This article describes the example of Java regular matching of Chinese characters in the tag a in HTML. Share it for your reference, as follows:
Today a friend in the group asked a question about regular expressions, which contains the following content:
<a href='www.baidu.comds=id32434#comment'rewr>Special432</a>453543<a guhll,,l>a1Special123 Are you? </a><a href=id=32434#comment'ewrer>Special 2</a><a>Text 2</a><a>Text </a>
Now you want to match the Chinese characters in the <a> tag whose content contains Chinese but whose attributes do not contain comment.

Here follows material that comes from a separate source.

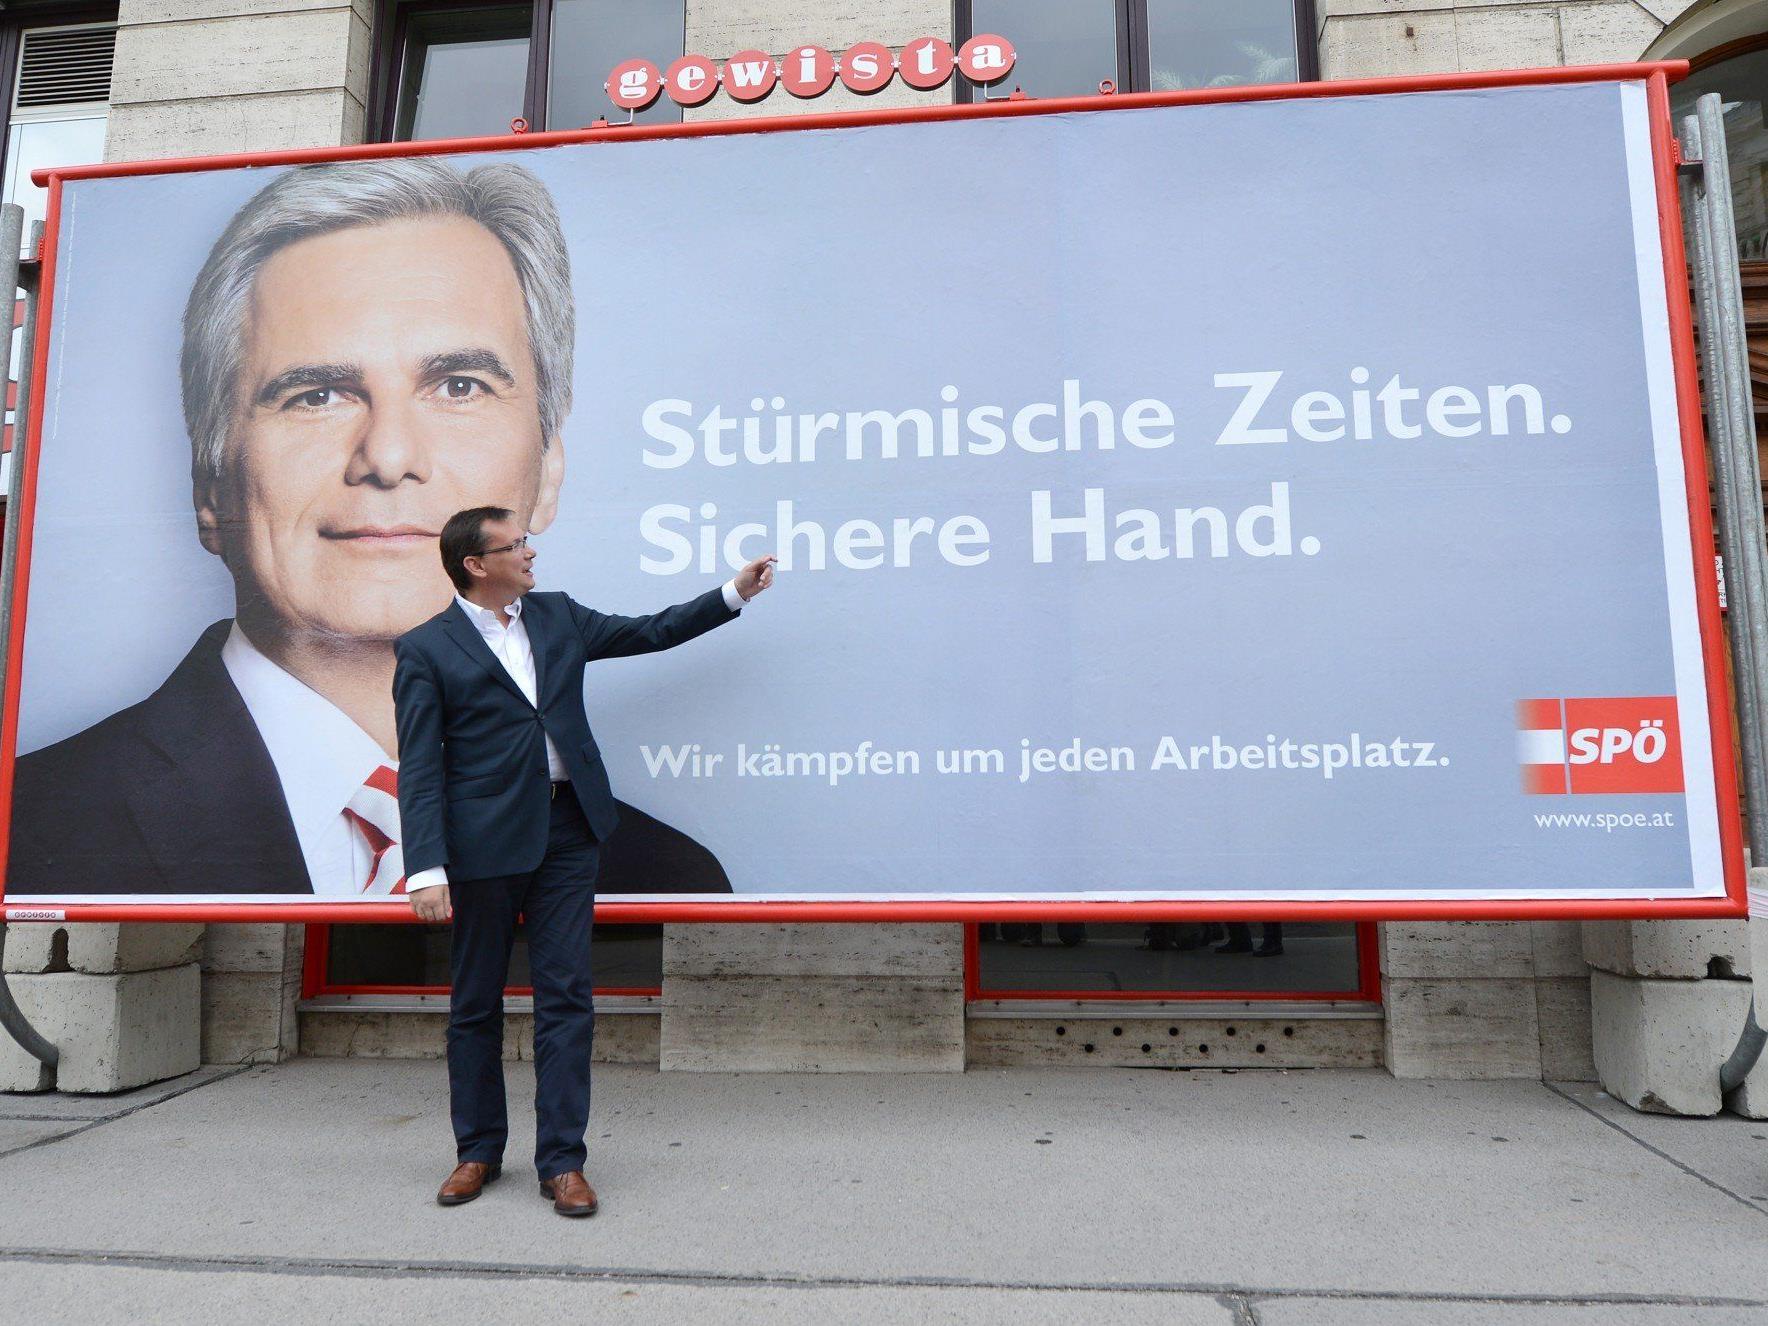 Klare Werbung für die SPÖ? - Experten sind sich nicht einig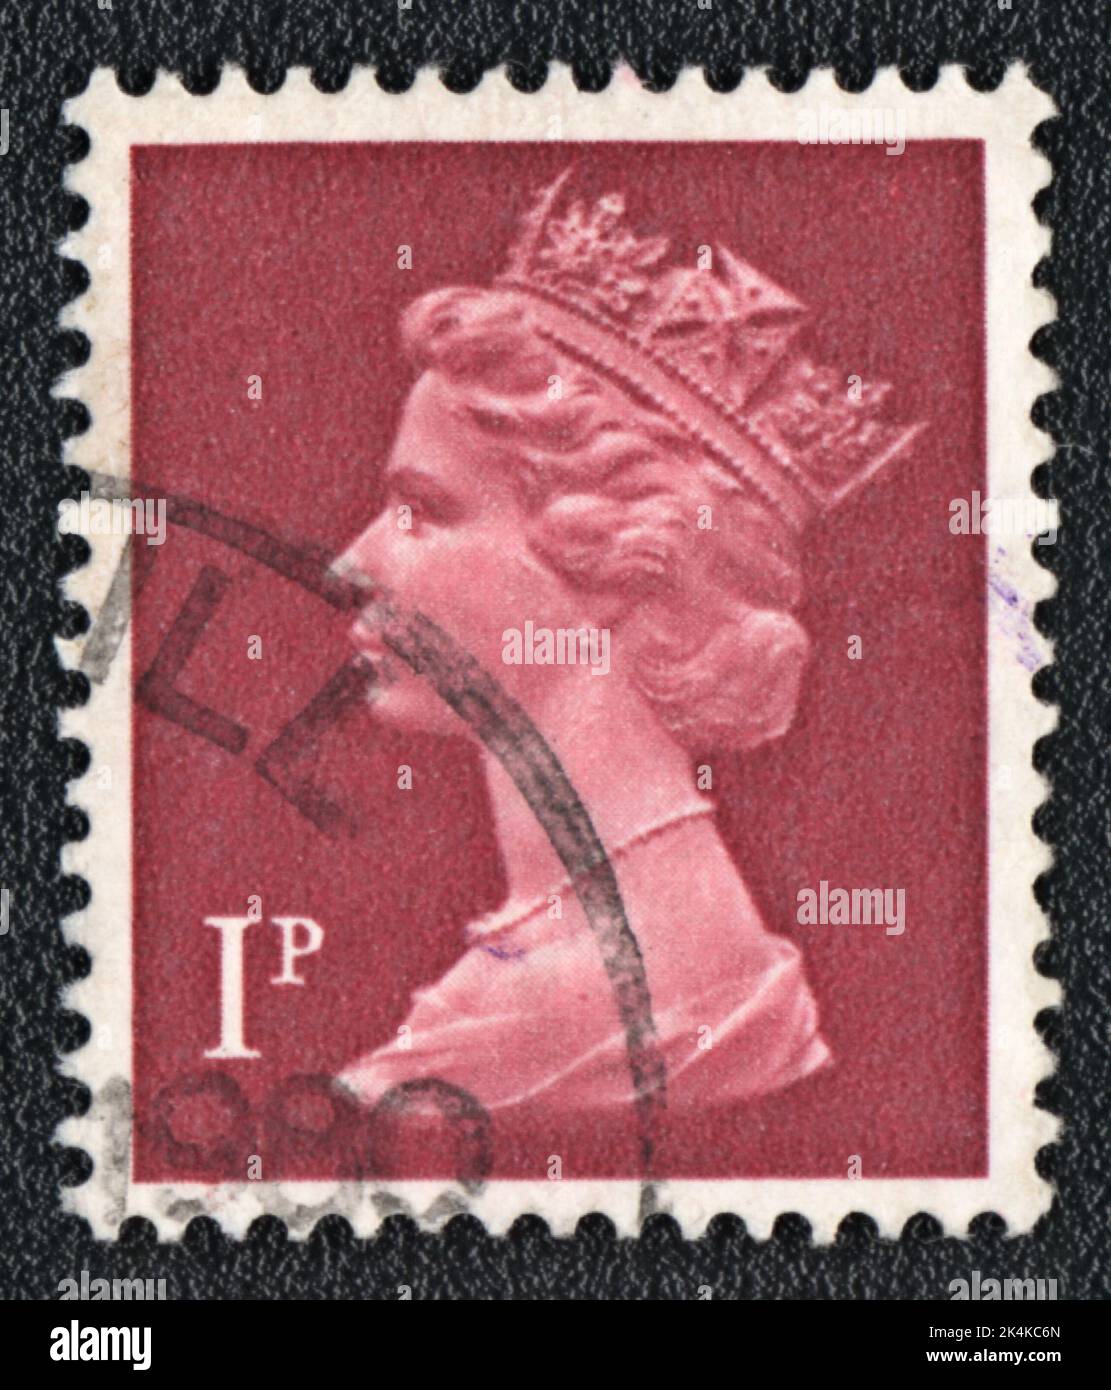 GRANDE-BRETAGNE - VERS 1980: Timbre imprimé par la Grande-Bretagne, montre Portrait de la reine Elizabeth 2nd sur le rouge, vers 1980 Banque D'Images

The solution is as follows:
1. First match the <a> tag that does not include comment;
2. Make a quadratic match in the matching result to produce Chinese;
The code is as follows:
package com.mmq.regex;import java.util.regex.Matcher;import java.util.regex.Pattern;/** * @use Match the Chinese characters in the <a> tag of HTML* @ProjectName stuff * @Author mumaoqiang * @FullName com.mmq.regex.MatchChineseCharacters.java * @JDK 1.6.0 * @Version 1.0 */public class MatchChineseCharacters { /** * Based on the input, match the Chinese characters in the <a> tag that contains Chinese but does not contain comment* @param source Content to match* @return Chinese characters in <a> tag*/ public static String matchChineseCharacters(String source) { //Match the <a> tag that contains Chinese but does not contain comment String reg = "<a((?!comment).)*?>([^<>]*?[//u4e00-//u9fa5]+[^<>]*?)+(?=</a>)"; Pattern pattern = Pattern.compile(reg); Matcher matcher = pattern.matcher(source); StringBuilder character = new StringBuilder(); while(matcher.find()){ String result = matcher.group(); System.out.println(result); //Make the result quadratic regularization and match the Chinese character String reg1 = "[//u4e00-//u9fa5]+"; Pattern p1 = Pattern.compile(reg1); Matcher m1 = p1.matcher(result); while(m1.find()){ character.append(m1.group()); } //System.out.println(character.toString()); } return character.toString(); } public static void main(String[] args) { String result = matchChineseCharacters("<a href='www.baidu.comds=id32434#comment'rewr>Special432</a>453543<a guhll,,l>a1Special123Hello123?</a><a href=id=32434#comment'ewrer>Special2</a><a>Text2</a><a>Text</a>"); System.out.println(result); }}The output result is as follows:
<a guhll,,l>a1special123 Are you happy 123? <a>Text in the tag, how are you?
Here is an explanation:
String reg = "<a((?!comment).)*?>([^<>]*?[//u4e00-//u9fa5]+[^<>]*?)+(?=</a>)";
This matching content contains Chinese but the tag attribute does not contain comment. Backward search?<= cannot be used, because backward search can only be content of fixed length. The attributes in the tag are uncertain, so they cannot be used; [//u4e00-//u9fa5]+ matches Chinese strings; while (?=</a>) uses forward search?=, and the end tag will not be included in the result.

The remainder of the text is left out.